A post on
comp.graphics.rendering.raytracing, pointing to this
page,
caught my attention.
The purpose is to, more or less, pack a barebone raytracer and scene
description within 100 LOCs.
And it struck me that the C++ version wasn't spending those LOCs very
wisely.
After an initial re-implementation that was much faster, i figured out that eventually a real sphere flake could be generated, in place, and the traversal could done iteratively.
And this is where the current version stands.

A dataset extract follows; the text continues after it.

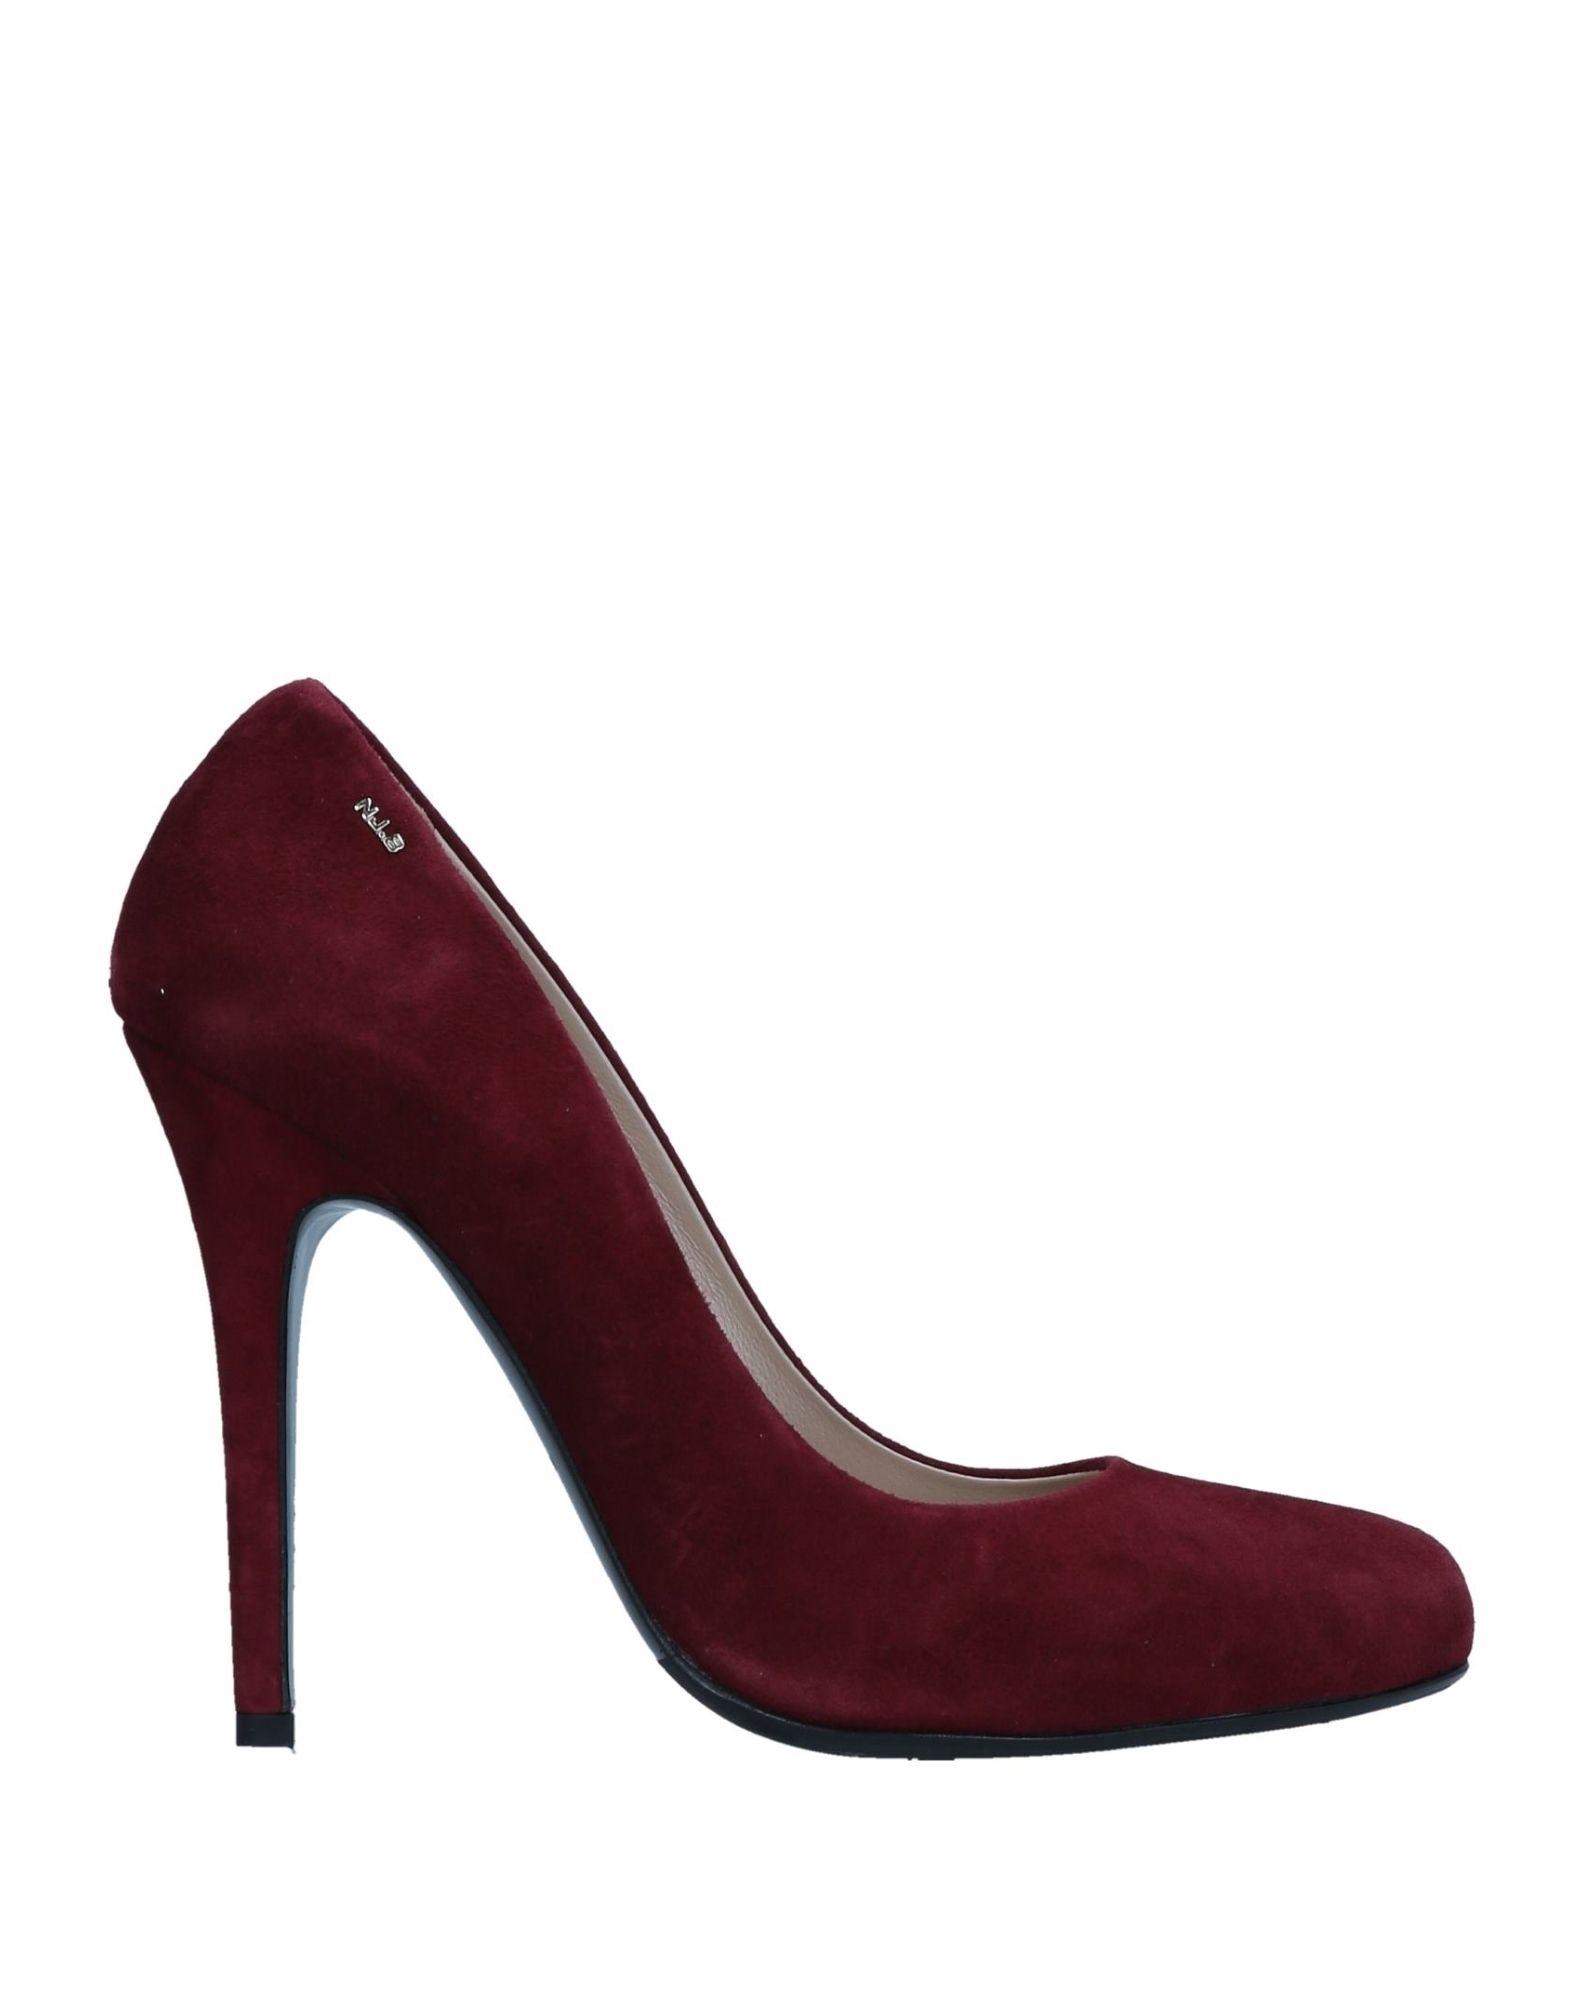 Norma J.Baker Pumps Damen  11547270IUGut aussehende strapazierfähige Schuhe

Somewhere on an Opteron 146 (2ghz) running debian64, with g++-4120050515...# time ./sphereflake100 8 >pix.ppm
5380840 spheres,claiming 369.473 MB.
real 0m7.642s
user 0m7.329s
sys 0m0.295s
Packing that many features (scene generation, shadows,
anti-aliasing, image output) within 100 lines while remaining efficient
requires to pay close attention to details.
It's a two prong attack.
The goal is to generate the classic SPD sphere flake, a
recursive figure where each level spawns 9, nicely distributed, new
spheres.
It can be described in a lot of ways, but a sphere BVH is what comes to
mind first.
An immediate corrolary, is that such a tree would be complete if you
put one sphere per node.
I have previously tinkered with BVH and the most efficient way to
handle them on current architectures is to turn such a tree into an
array[1] because it helps tremendously
with memory access
patterns and opens the way for a cheap iterative traversal without any
explicit stack.
Turning a binary tree into an array+skip requires 2 passes in the
general case to resolve forward references.
That's where the complete nature of this particular tree helps, because
forward references can be computed as we build the tree.
Following that track, the tree can be directly written in situ in its
final form (via placement new in the current implementation).
The machinery to handle rotation and so on was a bit troublesome to
implement in a compact way, that's why we're left with some
transcendentals; it happens that an efficient SSE libm implementation
makes that point a non issue, at least on x86-64 linux :)
With each node holding 2 spheres, one bounding the sub-tree and the other being the visual content, and a skip pointer (or more precisely the distance between the current node and the next tree part to inspect in case of a miss), the traversal becomes:
template<bool shadow> static void intersect(const ray_t &ray,hit_t &hit){
const node_t*p=pool;
while(p < end) {
if(p->bound.intersect(ray)>=hit.t) /*missed bound*/
p+=p->diff; /*skip subtree*/
else{
const double t=p->leaf.intersect(ray);
if(t < hit.t) { /*if hit, update, then break for shadows*/
hit.t=t;
if(shadow) break;
hit.n=p->leaf.get_normal(ray.o+ray.d*t);
}
++p; /*next!*/
}
}
}
After that point, there's nothing really fancy going on; primary &
shadow rays are shot, gathered & anti-aliased through a 2x2 rotated
grid and finally ouput to a monochrome PPM.